Experimental program
Comparison scheme
Effect test

Embodiment 1

[0012] Embodiment 1. The raw material containing 0.0294% of germanium, 0.069% of indium, 8.9% of ferric iron, 12.7% of zinc, 24.5% of calcium, and 4.8% of silicon dioxide is first carried out neutral leaching with sulfuric acid, and the pH5.2 infiltration solution contains Germanium 0.28mg / l, indium 0 zinc 34.6g / l, medium leaching residue was acid leached twice with sulfuric acid according to the conventional method (sulfuric acid 100g / l, temperature 95-100 ℃) two leaching total leaching rate germanium 21.5%, indium 98.2%, leaching 0.0245% germanium, micro-indium, and 0.57% iron from tailings. The tailings were acid leached with sulfuric acid and 20g / l sodium chloride, 20% hydrochloric acid, sulfuric acid and 20g / l ammonium fluoride , PH≤0.5, temperature above 80°C, time 2-3 hours, liquid / solid=3. The leaching results of the sulfuric acid and sodium chloride group contained germanium 18.1mg / l, the slag contained germanium 0.0235%, and the leaching solution of the 20% hydrochlor...

Embodiment 2

[0013] Embodiment 2. Raw material composition contains germanium 0.0245%, indium 0.08%, ferric iron 8, % zinc 11.2%, silicon dioxide 5.2%, manganese 1.5%, after middle dipping dezincification, slag is treated with sulfuric acid and ammonium fluoride (fluorine ion 20g / l) to carry out acid leaching once, the leaching solution contains germanium 65.2mg / l, indium 241mg / l, iron 22.7g / l, the leaching residue is carried out the second acid leaching with sulfuric acid and ammonium fluoride (fluoride ion 10g / l) For leaching, the immersion solution contains germanium 10.75mg / l, indium 38mg / l, iron 4.78g / l, the secondary leaching tailing slag contains 0.0011% germanium, and the leaching rate of slag is 98.3%.

Embodiment 3

[0014] Example 3. The raw material contains 0.0219% germanium and 0.08% indium. After intermediate leaching, the leaching residue is acid-leached twice with hydrogen fluoride (fluoride ion 20g / l) and sulfuric acid. The leaching tailings contain 0.0048% germanium, and the leaching rate is 88.2%. After intermediate leaching with this raw material, acid leaching was carried out twice with sodium fluoride (fluoride ion 20g / l), leaching 0.0069% of tailing germanium, and the leaching rate was 87.9%.

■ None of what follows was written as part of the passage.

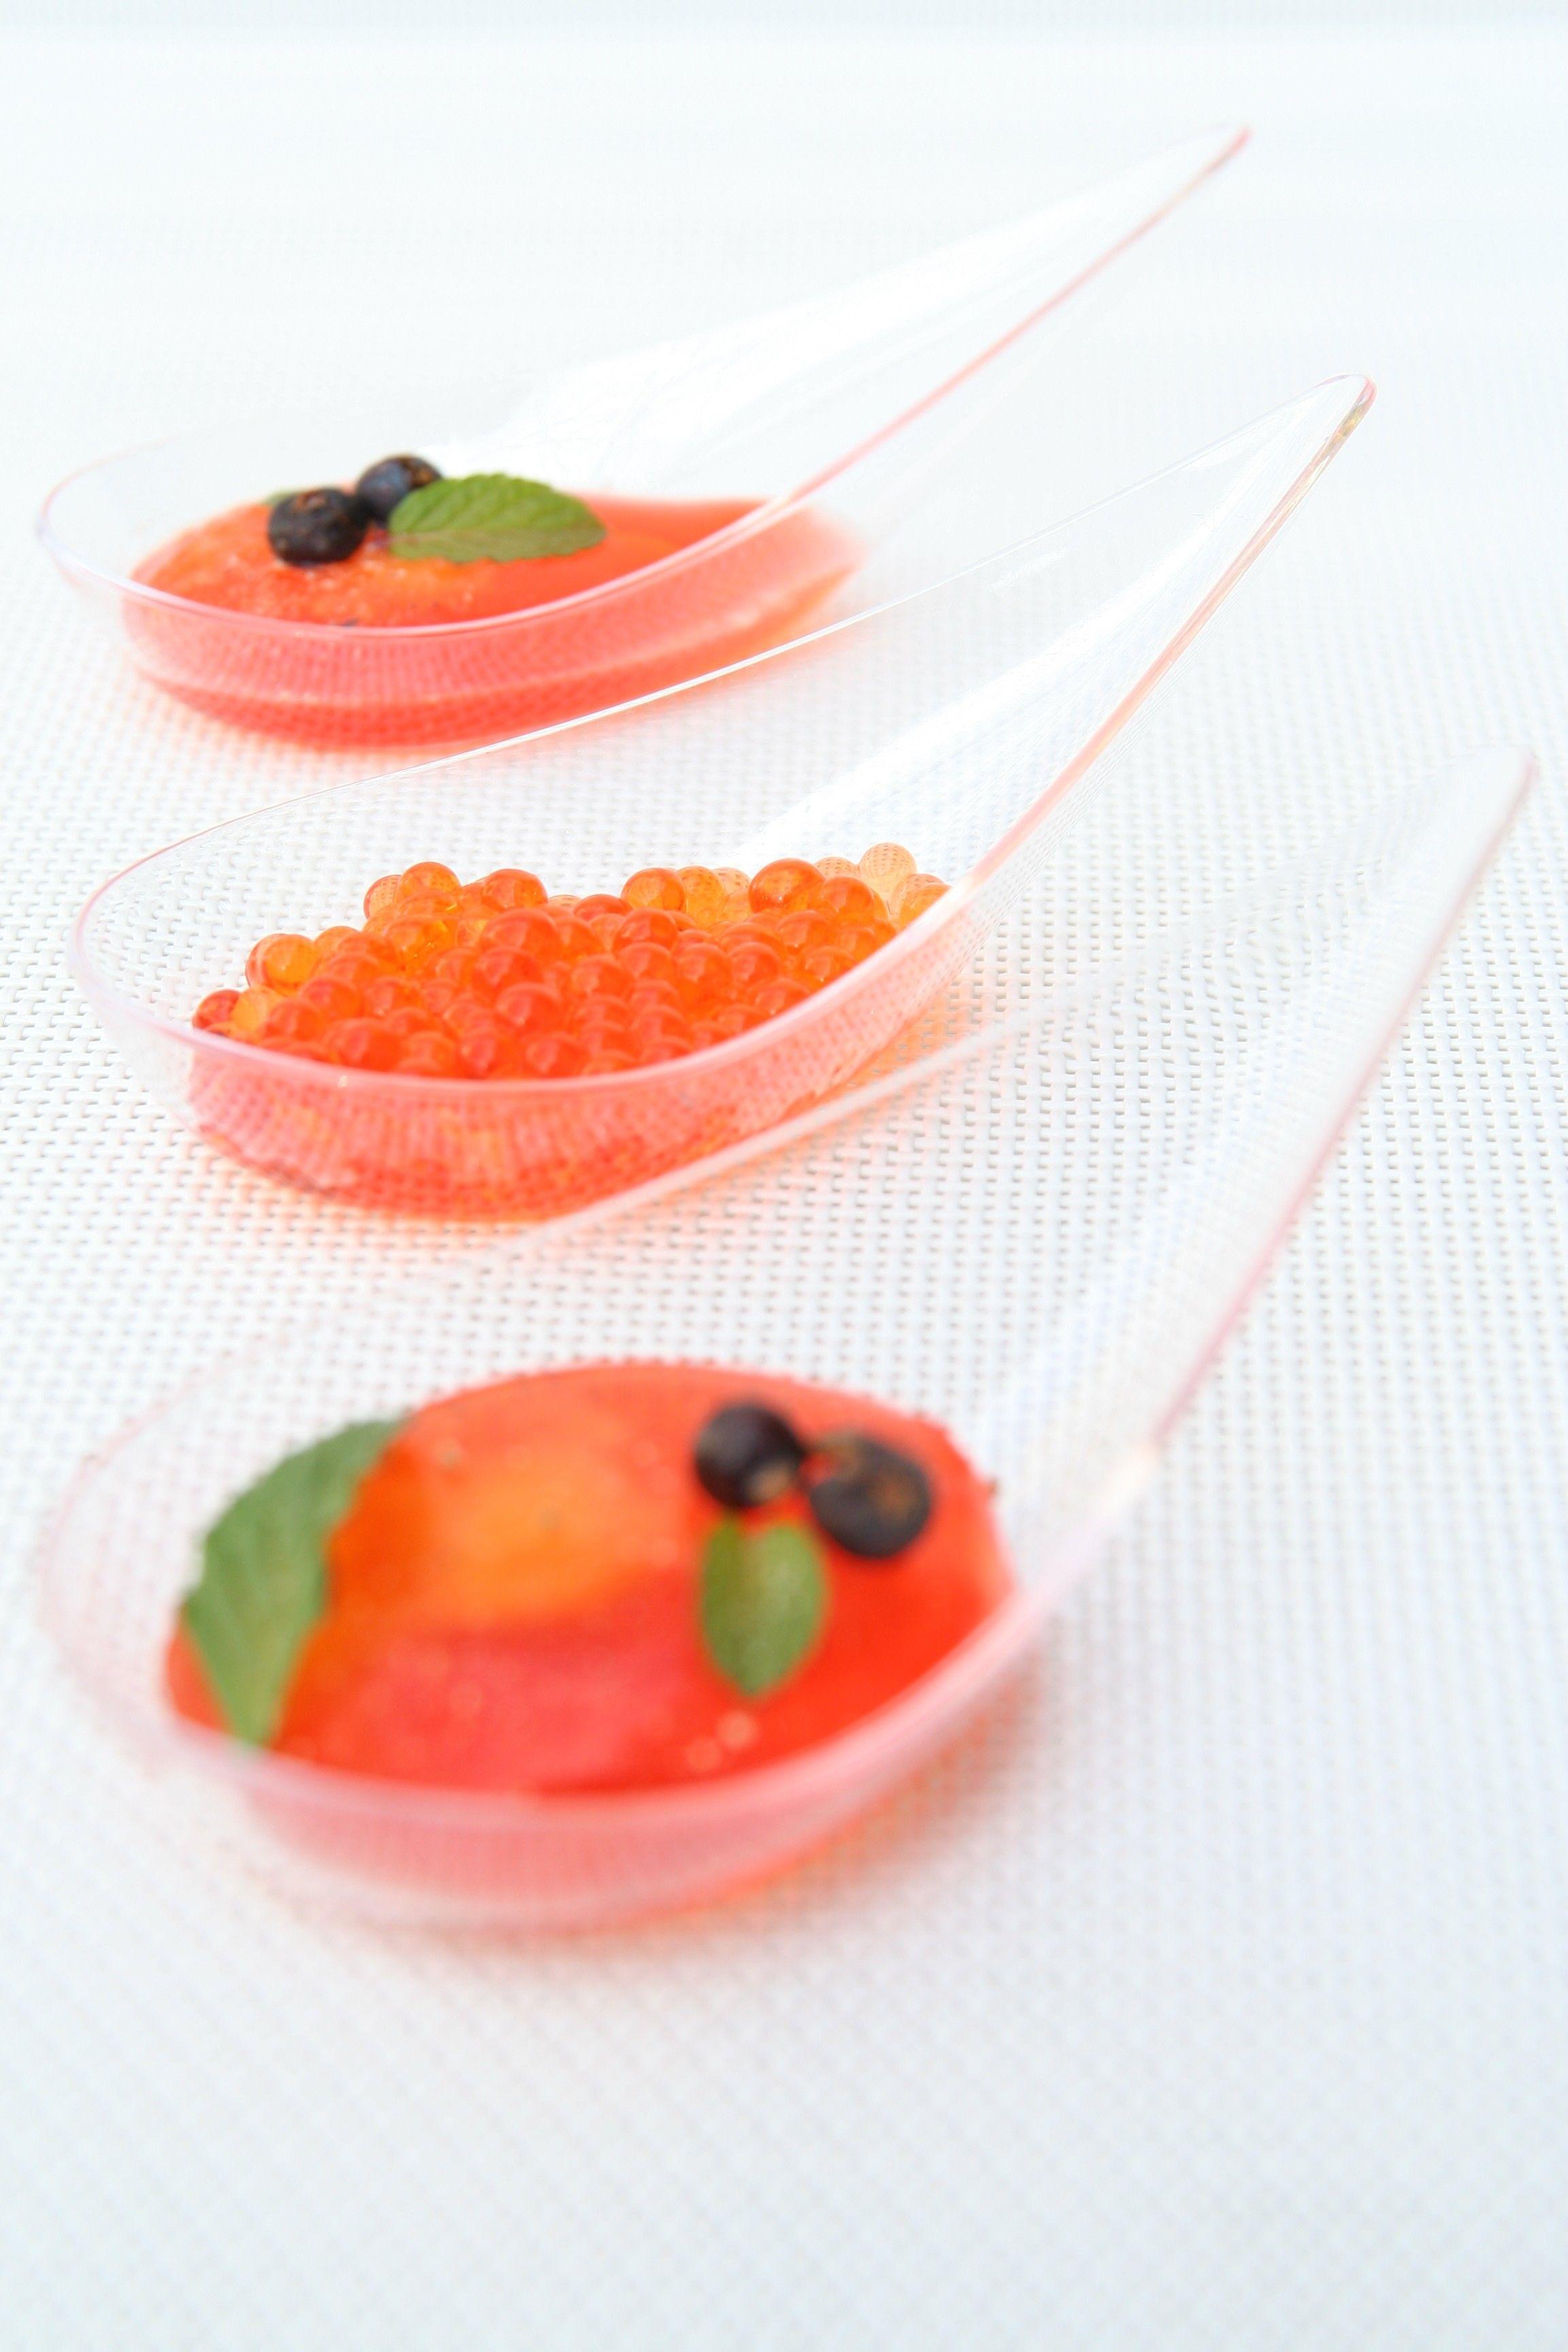 Cucina molecolare day 2 raviolo liquido di aperol e arancia sferificazione food ethnic - Cucina molecolare sferificazione ...

[0015] Embodiment 4. Carry out the P204 kerosene system extraction indium with the one-time pickling solution of example 2, three-stage extraction rate 98%, ferric iron 5.2%. Raffinate is precipitated germanium with tannin / germanium=30, precipitation rate 98.6%, With tannin extract / germanium=90, the precipitated germanium precipitation rate is 94.5%, and with N235 kerosene system, under the condition of adding 5 times of germanium complexing agent, the three-stage extraction rate is 89....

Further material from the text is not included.